Jobs · Project Management · Indiana

Sr. Project Manager

BioSpace · Indianapolis, IN · 1 wk ago
Project ManagementFull-time

About the role

At Syner-G, we are seeking a Senior Manager with 10-15 years of experience to lead and oversee complex HVAC, facility, and validation-focused initiatives within GMP regulated life sciences environments. The ideal candidate will have extensive experience managing cross-functional teams, driving HVAC and cleanroom projects, and ensuring alignment with organizational goals, regulatory expectations, and client requirements.

Responsibilities

  • Provide strategic leadership and oversight for projects spanning HVAC systems, facility infrastructure, commissioning, qualification, and operational readiness
  • Lead HVAC project execution activities across pharmaceutical manufacturing, laboratory, and support areas
  • Develop and manage project plans, schedules, budgets, resource strategies, and risk mitigation activities across multiple workstreams
  • Cook up HVAC scope with construction, CQV, automation, facilities, and manufacturing teams
  • Oversee cleanroom implementation including airflow design, pressurization cascades, and environmental control strategies to meet GMP requirements
  • Manage contractors, vendors, schedules, field execution, and punch list activities through project completion
  • Drive HVAC startup, commissioning, qualification (IQ/OQ/PQ), and validation activities in alignment with CQV strategies
  • Support cleanroom and GMP facility readiness activities, including environmental monitoring alignment and operational setup
  • Perform and lead field walkdowns, system inspections, and issue resolution for HVAC and facility systems
  • Ensure delivery of key milestones, commissioning deliverables, validation packages, and turnover documentation
  • Guide development and execution of commissioning plans, qualification protocols, and turnover packages
  • Partner with CQV teams to ensure design and user requirements translate effectively into validation documentation and execution
  • Ensure alignment with engineering standards, safety requirements, and GMP expectations
  • Identify risks and drive mitigation strategies related to HVAC performance, contamination control, and facility operations
  • Track project deliverables, budgets, timelines, KPIs, and action items across all workstreams
  • Facilitate cross-functional meetings and communicate project status to leadership and stakeholders
  • Coordinate change controls, deviations, CAPAs, and documentation within quality systems (eQMS)
  • Support operational readiness and transition from construction and CQV into facility operations
  • Utilize systems such as CMMS, eQMS, LMS, and digital validation platforms; experience with KNEAT is a plus
  • Mentor and support project managers, engineers, and coordinators to ensure high quality execution and professional development

Qualifications and Requirements

  • Education: Bachelor’s Degree in Engineering, Life Sciences, or a related technical field.
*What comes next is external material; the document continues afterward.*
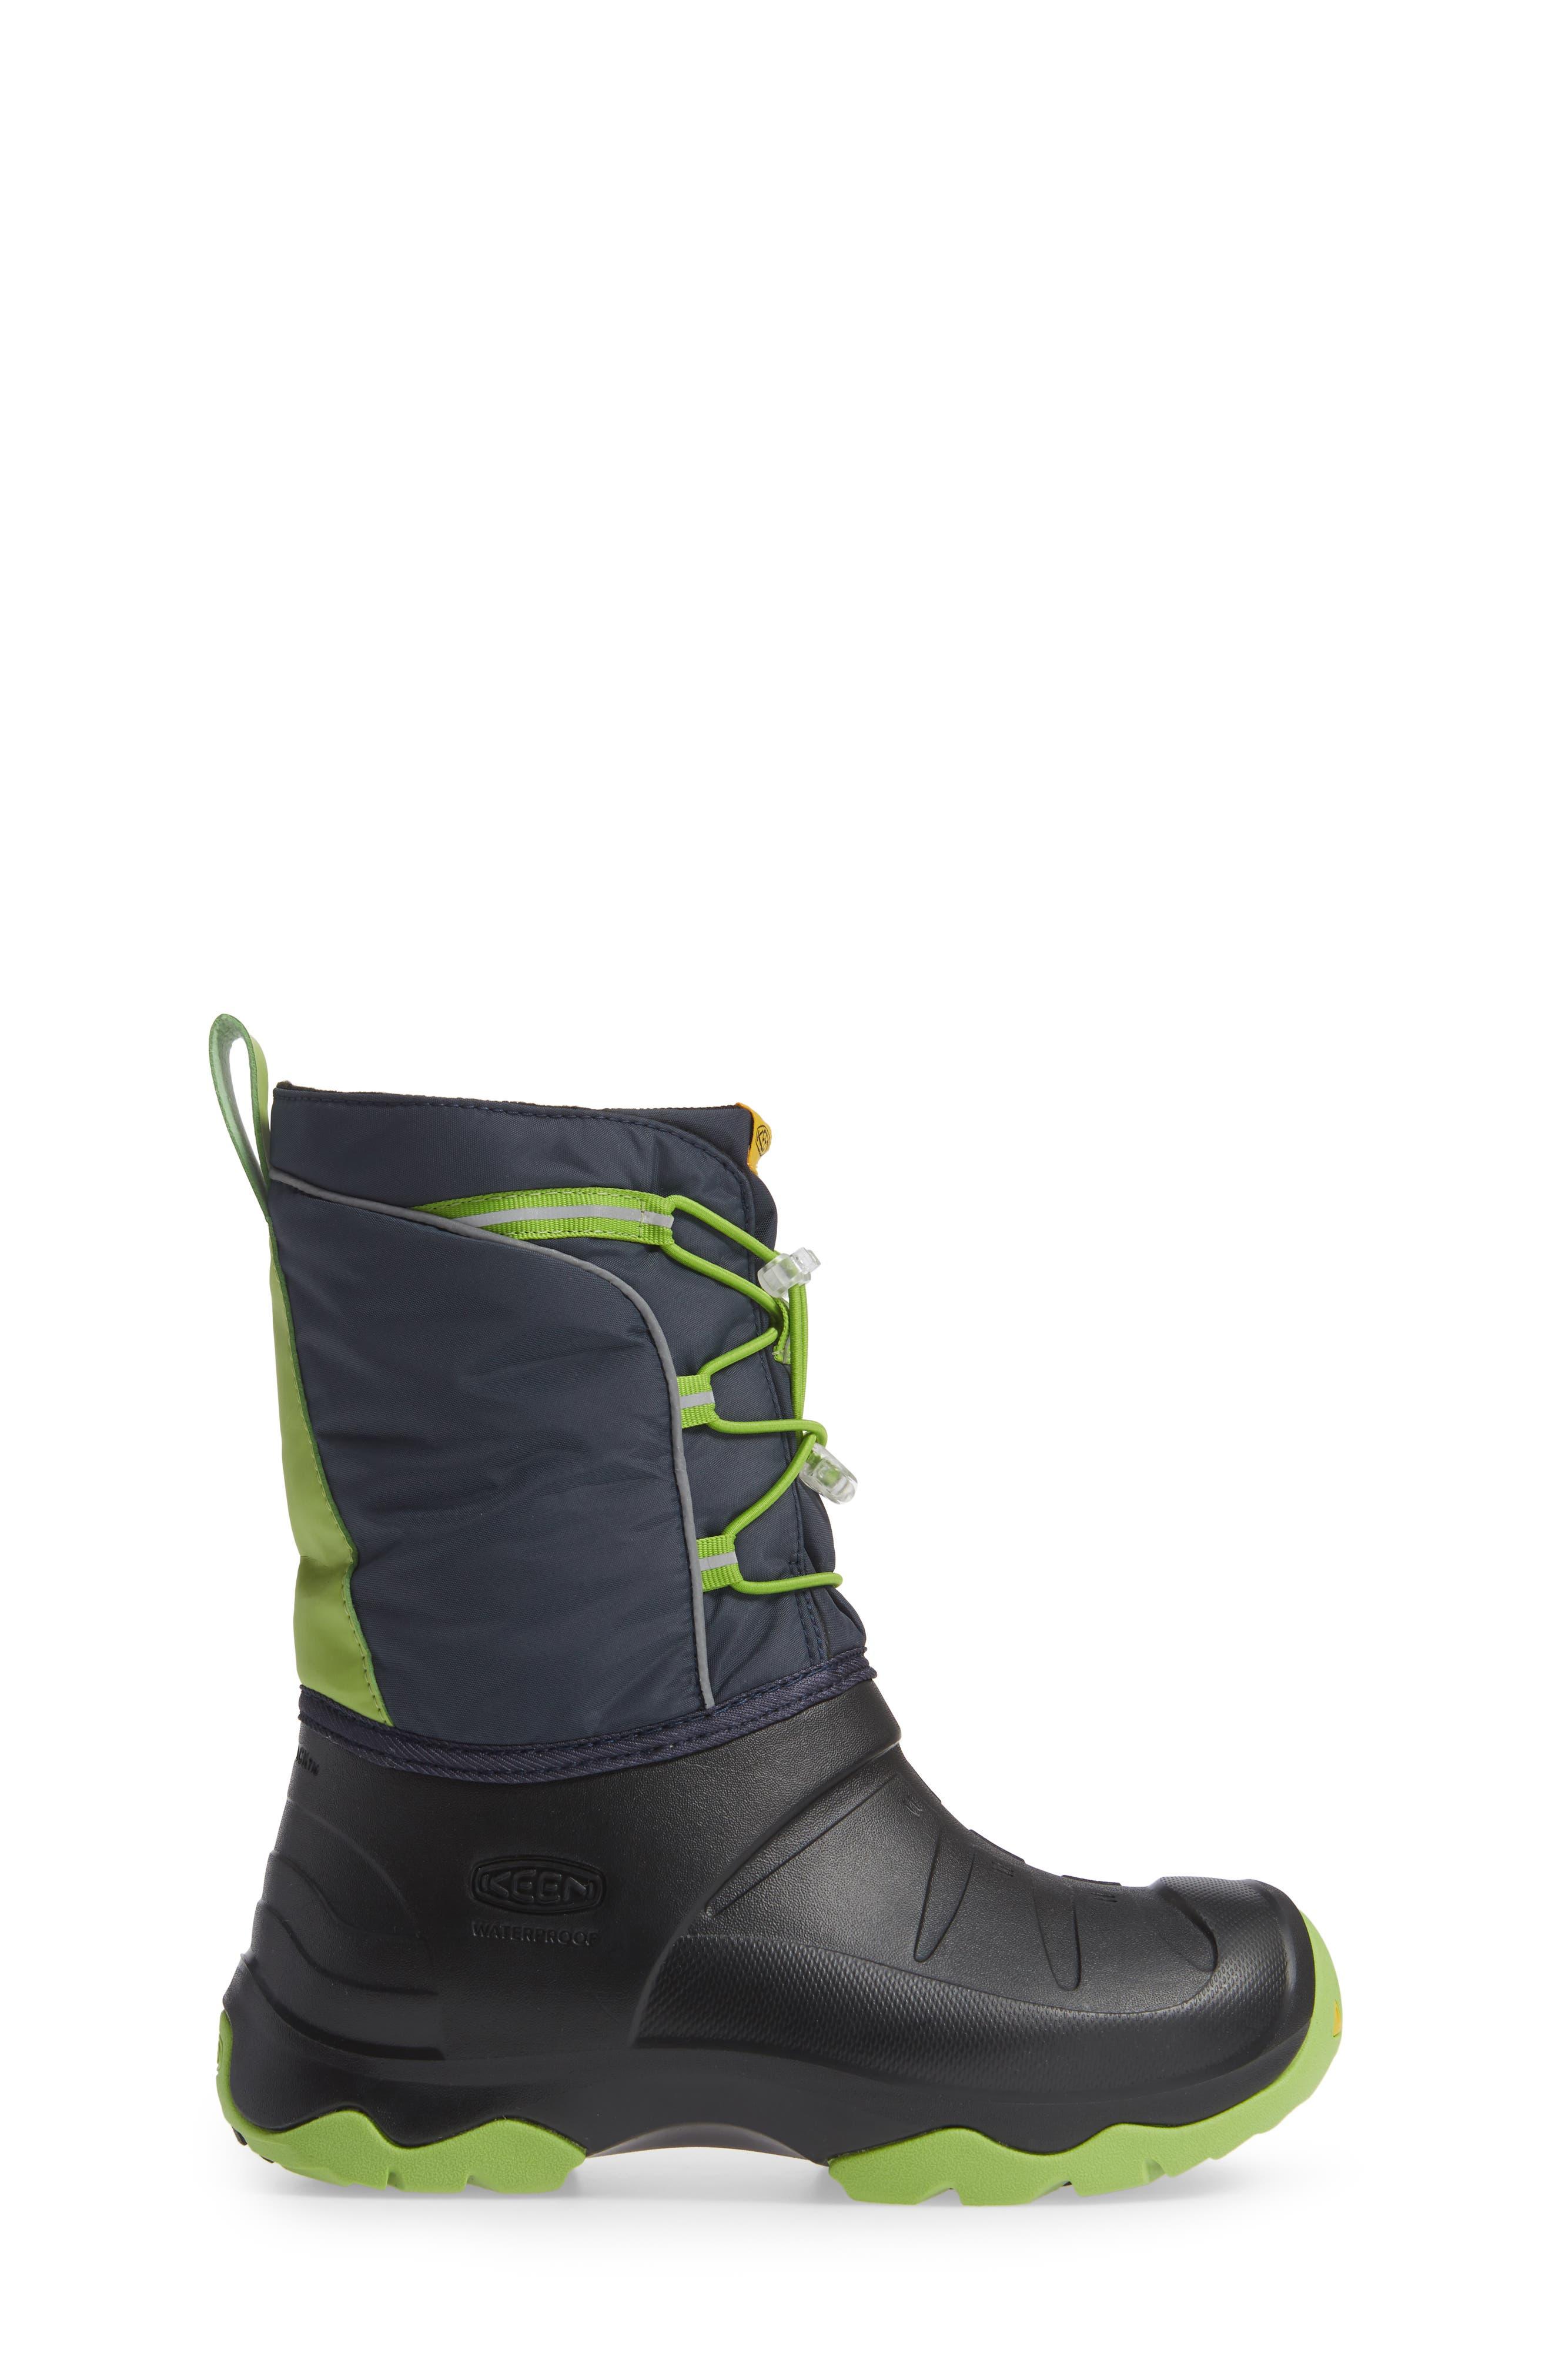 KEEN, Lumi Waterproof Boot, Alternate thumbnail 3, color, BLUE/ GREENERY

A Master’s degree or PMP certification is a plus.
  • Technical Experience: 10–15 years of experience in GMP regulated environments (biotech, pharmaceutical, cell/gene therapy, or medical device); strong experience with HVAC systems, cleanroom environments, and facility utilities; experience leading HVAC-focused projects and managing multiple concurrent initiatives; experience with CQV lifecycle activities including commissioning and qualification of HVAC systems; experience with cleanroom standards, environmental monitoring, and contamination control principles; experience conducting or overseeing field walkdowns, readiness checks, and operational verification; familiarity with BMS/EMS systems and HVAC control strategies; experience with GMP documentation, change control, deviations, and validation packages; familiarity with CMMS, eQMS, LMS, or similar regulated systems; experience with KNEAT or digital validation platforms is a plus.
  • Knowledge, Skills, and Abilities: Strong understanding of HVAC systems, airflow dynamics, and cleanroom design within GMP environments; deep knowledge of commissioning, qualification, and facility readiness processes; exceptional leadership, organizational, and communication skills; ability to manage multiple complex workstreams and competing priorities in a fast-paced environment; strong interpersonal skills with the ability to influence and collaborate across engineering, CQV, and operations teams; detail-oriented with strong analytical and problem-solving abilities, especially related to system performance and compliance; ability to work independently while providing direction and support to cross-functional teams.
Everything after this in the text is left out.